Exercise: Transcribe the data that follows, exactly and in full.

Dataset excerpts:
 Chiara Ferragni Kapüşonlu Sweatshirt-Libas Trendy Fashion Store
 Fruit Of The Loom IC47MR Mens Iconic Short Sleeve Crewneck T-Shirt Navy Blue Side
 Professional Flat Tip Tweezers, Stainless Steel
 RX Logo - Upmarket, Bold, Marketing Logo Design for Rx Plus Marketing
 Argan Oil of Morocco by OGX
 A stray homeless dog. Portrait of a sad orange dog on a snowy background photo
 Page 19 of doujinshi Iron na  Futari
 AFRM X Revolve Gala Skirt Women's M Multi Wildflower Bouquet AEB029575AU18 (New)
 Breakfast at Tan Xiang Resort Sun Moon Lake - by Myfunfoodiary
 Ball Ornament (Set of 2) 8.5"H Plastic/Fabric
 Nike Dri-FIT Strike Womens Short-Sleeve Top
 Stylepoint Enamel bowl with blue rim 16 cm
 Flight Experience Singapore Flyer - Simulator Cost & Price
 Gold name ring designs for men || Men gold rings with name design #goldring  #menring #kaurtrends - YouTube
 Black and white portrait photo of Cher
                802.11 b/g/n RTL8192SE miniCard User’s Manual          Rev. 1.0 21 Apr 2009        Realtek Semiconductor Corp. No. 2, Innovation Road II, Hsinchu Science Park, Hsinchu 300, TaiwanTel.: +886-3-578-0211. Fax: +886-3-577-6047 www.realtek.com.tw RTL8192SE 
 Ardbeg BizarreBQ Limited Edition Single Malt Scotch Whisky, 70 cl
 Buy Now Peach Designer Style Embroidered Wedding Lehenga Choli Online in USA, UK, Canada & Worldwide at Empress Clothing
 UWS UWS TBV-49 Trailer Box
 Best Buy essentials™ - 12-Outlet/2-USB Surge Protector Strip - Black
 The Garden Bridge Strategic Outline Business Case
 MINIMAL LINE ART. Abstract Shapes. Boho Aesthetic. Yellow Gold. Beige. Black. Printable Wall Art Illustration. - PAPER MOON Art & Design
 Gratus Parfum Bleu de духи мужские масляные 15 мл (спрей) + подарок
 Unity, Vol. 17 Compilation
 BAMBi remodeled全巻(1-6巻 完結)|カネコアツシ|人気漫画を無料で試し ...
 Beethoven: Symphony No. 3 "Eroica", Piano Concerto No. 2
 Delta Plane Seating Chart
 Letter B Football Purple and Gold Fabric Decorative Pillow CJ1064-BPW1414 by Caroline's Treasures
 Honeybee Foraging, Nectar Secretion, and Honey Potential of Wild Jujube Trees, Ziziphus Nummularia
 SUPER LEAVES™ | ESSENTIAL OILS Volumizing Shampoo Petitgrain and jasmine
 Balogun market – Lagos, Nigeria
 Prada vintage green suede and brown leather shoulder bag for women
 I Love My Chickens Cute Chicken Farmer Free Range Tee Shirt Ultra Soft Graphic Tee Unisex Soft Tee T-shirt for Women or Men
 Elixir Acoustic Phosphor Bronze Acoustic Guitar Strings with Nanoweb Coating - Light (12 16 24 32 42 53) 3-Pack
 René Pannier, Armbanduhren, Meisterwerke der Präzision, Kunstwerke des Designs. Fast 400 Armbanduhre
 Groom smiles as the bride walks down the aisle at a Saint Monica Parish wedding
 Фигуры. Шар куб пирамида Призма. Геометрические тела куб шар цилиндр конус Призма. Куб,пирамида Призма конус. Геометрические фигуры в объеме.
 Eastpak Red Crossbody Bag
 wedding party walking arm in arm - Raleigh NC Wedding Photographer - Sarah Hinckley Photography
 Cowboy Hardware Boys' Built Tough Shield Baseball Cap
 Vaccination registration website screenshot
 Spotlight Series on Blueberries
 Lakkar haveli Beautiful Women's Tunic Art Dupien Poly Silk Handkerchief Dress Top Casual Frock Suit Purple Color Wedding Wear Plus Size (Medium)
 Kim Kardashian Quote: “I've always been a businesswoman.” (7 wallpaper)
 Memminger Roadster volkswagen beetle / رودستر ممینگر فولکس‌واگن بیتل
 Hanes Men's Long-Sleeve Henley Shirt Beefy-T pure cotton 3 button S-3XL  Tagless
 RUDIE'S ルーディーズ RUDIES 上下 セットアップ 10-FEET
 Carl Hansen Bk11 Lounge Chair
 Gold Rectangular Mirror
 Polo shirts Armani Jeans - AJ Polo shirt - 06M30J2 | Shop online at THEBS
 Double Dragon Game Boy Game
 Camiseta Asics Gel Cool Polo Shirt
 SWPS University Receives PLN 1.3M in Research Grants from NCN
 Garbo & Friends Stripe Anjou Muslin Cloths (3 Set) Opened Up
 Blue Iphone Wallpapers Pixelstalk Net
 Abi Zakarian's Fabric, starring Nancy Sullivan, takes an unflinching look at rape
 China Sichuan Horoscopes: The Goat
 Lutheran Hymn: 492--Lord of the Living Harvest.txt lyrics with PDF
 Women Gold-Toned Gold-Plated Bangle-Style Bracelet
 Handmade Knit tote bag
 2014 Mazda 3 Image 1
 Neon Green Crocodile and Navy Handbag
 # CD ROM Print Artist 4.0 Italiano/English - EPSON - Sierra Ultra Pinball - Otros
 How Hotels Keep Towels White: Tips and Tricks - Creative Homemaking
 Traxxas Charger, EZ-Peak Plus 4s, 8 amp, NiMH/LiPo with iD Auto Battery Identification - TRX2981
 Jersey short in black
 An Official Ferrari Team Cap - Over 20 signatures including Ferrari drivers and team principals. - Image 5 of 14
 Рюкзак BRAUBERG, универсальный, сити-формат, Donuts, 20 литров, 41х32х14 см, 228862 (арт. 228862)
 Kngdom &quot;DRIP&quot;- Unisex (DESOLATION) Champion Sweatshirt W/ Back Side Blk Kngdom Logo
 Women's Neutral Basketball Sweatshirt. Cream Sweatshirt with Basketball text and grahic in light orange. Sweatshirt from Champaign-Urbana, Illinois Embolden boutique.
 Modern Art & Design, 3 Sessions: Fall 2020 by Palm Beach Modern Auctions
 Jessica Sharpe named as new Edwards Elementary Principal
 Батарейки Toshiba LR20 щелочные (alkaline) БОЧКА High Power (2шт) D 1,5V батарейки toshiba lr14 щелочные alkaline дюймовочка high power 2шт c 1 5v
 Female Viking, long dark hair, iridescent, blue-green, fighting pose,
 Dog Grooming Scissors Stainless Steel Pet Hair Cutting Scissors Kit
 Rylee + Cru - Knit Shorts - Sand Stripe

Finished exercise:
 Chiara Ferragni Kapüşonlu Sweatshirt-Libas Trendy Fashion Store
 Fruit Of The Loom IC47MR Mens Iconic Short Sleeve Crewneck T-Shirt Navy Blue Side
 Professional Flat Tip Tweezers, Stainless Steel
 RX Logo - Upmarket, Bold, Marketing Logo Design for Rx Plus Marketing
 Argan Oil of Morocco by OGX
 A stray homeless dog. Portrait of a sad orange dog on a snowy background photo
 Page 19 of doujinshi Iron na  Futari
 AFRM X Revolve Gala Skirt Women's M Multi Wildflower Bouquet AEB029575AU18 (New)
 Breakfast at Tan Xiang Resort Sun Moon Lake - by Myfunfoodiary
 Ball Ornament (Set of 2) 8.5"H Plastic/Fabric
 Nike Dri-FIT Strike Womens Short-Sleeve Top
 Stylepoint Enamel bowl with blue rim 16 cm
 Flight Experience Singapore Flyer - Simulator Cost & Price
 Gold name ring designs for men || Men gold rings with name design #goldring  #menring #kaurtrends - YouTube
 Black and white portrait photo of Cher
                802.11 b/g/n RTL8192SE miniCard User’s Manual          Rev. 1.0 21 Apr 2009        Realtek Semiconductor Corp. No. 2, Innovation Road II, Hsinchu Science Park, Hsinchu 300, TaiwanTel.: +886-3-578-0211. Fax: +886-3-577-6047 www.realtek.com.tw RTL8192SE 
 Ardbeg BizarreBQ Limited Edition Single Malt Scotch Whisky, 70 cl
 Buy Now Peach Designer Style Embroidered Wedding Lehenga Choli Online in USA, UK, Canada & Worldwide at Empress Clothing
 UWS UWS TBV-49 Trailer Box
 Best Buy essentials™ - 12-Outlet/2-USB Surge Protector Strip - Black
 The Garden Bridge Strategic Outline Business Case
 MINIMAL LINE ART. Abstract Shapes. Boho Aesthetic. Yellow Gold. Beige. Black. Printable Wall Art Illustration. - PAPER MOON Art & Design
 Gratus Parfum Bleu de духи мужские масляные 15 мл (спрей) + подарок
 Unity, Vol. 17 Compilation
 BAMBi remodeled全巻(1-6巻 完結)|カネコアツシ|人気漫画を無料で試し ...
 Beethoven: Symphony No. 3 "Eroica", Piano Concerto No. 2
 Delta Plane Seating Chart
 Letter B Football Purple and Gold Fabric Decorative Pillow CJ1064-BPW1414 by Caroline's Treasures
 Honeybee Foraging, Nectar Secretion, and Honey Potential of Wild Jujube Trees, Ziziphus Nummularia
 SUPER LEAVES™ | ESSENTIAL OILS Volumizing Shampoo Petitgrain and jasmine
 Balogun market – Lagos, Nigeria
 Prada vintage green suede and brown leather shoulder bag for women
 I Love My Chickens Cute Chicken Farmer Free Range Tee Shirt Ultra Soft Graphic Tee Unisex Soft Tee T-shirt for Women or Men
 Elixir Acoustic Phosphor Bronze Acoustic Guitar Strings with Nanoweb Coating - Light (12 16 24 32 42 53) 3-Pack
 René Pannier, Armbanduhren, Meisterwerke der Präzision, Kunstwerke des Designs. Fast 400 Armbanduhre
 Groom smiles as the bride walks down the aisle at a Saint Monica Parish wedding
 Фигуры. Шар куб пирамида Призма. Геометрические тела куб шар цилиндр конус Призма. Куб,пирамида Призма конус. Геометрические фигуры в объеме.
 Eastpak Red Crossbody Bag
 wedding party walking arm in arm - Raleigh NC Wedding Photographer - Sarah Hinckley Photography
 Cowboy Hardware Boys' Built Tough Shield Baseball Cap
 Vaccination registration website screenshot
 Spotlight Series on Blueberries
 Lakkar haveli Beautiful Women's Tunic Art Dupien Poly Silk Handkerchief Dress Top Casual Frock Suit Purple Color Wedding Wear Plus Size (Medium)
 Kim Kardashian Quote: “I've always been a businesswoman.” (7 wallpaper)
 Memminger Roadster volkswagen beetle / رودستر ممینگر فولکس‌واگن بیتل
 Hanes Men's Long-Sleeve Henley Shirt Beefy-T pure cotton 3 button S-3XL  Tagless
 RUDIE'S ルーディーズ RUDIES 上下 セットアップ 10-FEET
 Carl Hansen Bk11 Lounge Chair
 Gold Rectangular Mirror
 Polo shirts Armani Jeans - AJ Polo shirt - 06M30J2 | Shop online at THEBS
 Double Dragon Game Boy Game
 Camiseta Asics Gel Cool Polo Shirt
 SWPS University Receives PLN 1.3M in Research Grants from NCN
 Garbo & Friends Stripe Anjou Muslin Cloths (3 Set) Opened Up
 Blue Iphone Wallpapers Pixelstalk Net
 Abi Zakarian's Fabric, starring Nancy Sullivan, takes an unflinching look at rape
 China Sichuan Horoscopes: The Goat
 Lutheran Hymn: 492--Lord of the Living Harvest.txt lyrics with PDF
 Women Gold-Toned Gold-Plated Bangle-Style Bracelet
 Handmade Knit tote bag
 2014 Mazda 3 Image 1
 Neon Green Crocodile and Navy Handbag
 # CD ROM Print Artist 4.0 Italiano/English - EPSON - Sierra Ultra Pinball - Otros
 How Hotels Keep Towels White: Tips and Tricks - Creative Homemaking
 Traxxas Charger, EZ-Peak Plus 4s, 8 amp, NiMH/LiPo with iD Auto Battery Identification - TRX2981
 Jersey short in black
 An Official Ferrari Team Cap - Over 20 signatures including Ferrari drivers and team principals. - Image 5 of 14
 Рюкзак BRAUBERG, универсальный, сити-формат, Donuts, 20 литров, 41х32х14 см, 228862 (арт. 228862)
 Kngdom &quot;DRIP&quot;- Unisex (DESOLATION) Champion Sweatshirt W/ Back Side Blk Kngdom Logo
 Women's Neutral Basketball Sweatshirt. Cream Sweatshirt with Basketball text and grahic in light orange. Sweatshirt from Champaign-Urbana, Illinois Embolden boutique.
 Modern Art & Design, 3 Sessions: Fall 2020 by Palm Beach Modern Auctions
 Jessica Sharpe named as new Edwards Elementary Principal
 Батарейки Toshiba LR20 щелочные (alkaline) БОЧКА High Power (2шт) D 1,5V батарейки toshiba lr14 щелочные alkaline дюймовочка high power 2шт c 1 5v
 Female Viking, long dark hair, iridescent, blue-green, fighting pose,
 Dog Grooming Scissors Stainless Steel Pet Hair Cutting Scissors Kit
 Rylee + Cru - Knit Shorts - Sand Stripe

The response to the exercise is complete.